Oct 18, 2005 19:32
Who do you need to forgive?
Myself.
Within a week's time, I've hurt two people, and I'm finding it hard to sleep at night.
Malcolm was not the one; I knew that when I was eighteen-years-old, and I still know it to be true now. But, he was something. Perhaps it was the things we had in common, the laughter we shared from youth, the life we shared across the ocean, the moments I've never had with another. I loved him, and I hated him. He inspired me to become a lawyer, to grow my hair long, to be someone else. I should have never held his hand; I should never have rekindled the flame, never have longed for the past. I'm not that child anymore. He wanted to marry me, and I... wanted something else. I didn't go back to him, and most likely will never have the opportunity again. But, that isn't the path I'm meant to follow; of that, I'm certain.
However, Malcolm made one point painfully clear. He may not be the one for me, but Alan isn't either.
Alan was not the one, but I wanted him to be. I adored him from the start of our friendship, even when he appalled me with his lewd behavior and questionable ethics. However, he was my friend when I had no others. I told him simply that he was a man who only talked, and men who talk never do anything; that sadly still holds true. He prefers to be alone, especially when involved. I'll miss waking up next to him; I'll miss our morning tea while we read the paper. Perhaps it's the few moments of normality I'll miss and cherish the most - the moments when he was simply Alan, not the infamous Alan Shore. But, he never said he loved me. He never returned it.
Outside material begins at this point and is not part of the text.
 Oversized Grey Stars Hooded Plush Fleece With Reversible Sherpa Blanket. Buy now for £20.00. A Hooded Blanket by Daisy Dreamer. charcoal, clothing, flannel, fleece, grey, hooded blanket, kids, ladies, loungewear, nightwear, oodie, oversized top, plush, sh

It was in his eyes sometimes; it was on the edge of his lips, almost able to slip out with his next breath. But, he never let it escape. No, he only said that I smell nice. I can't simply wait forever. I have to move on...
I need to forgive myself. I need to stop waking up, longing for one of them to be there to hold me. I won't go back. I won't rush into his arms and beg to come back. I need to move on with my life... and I hate myself for it.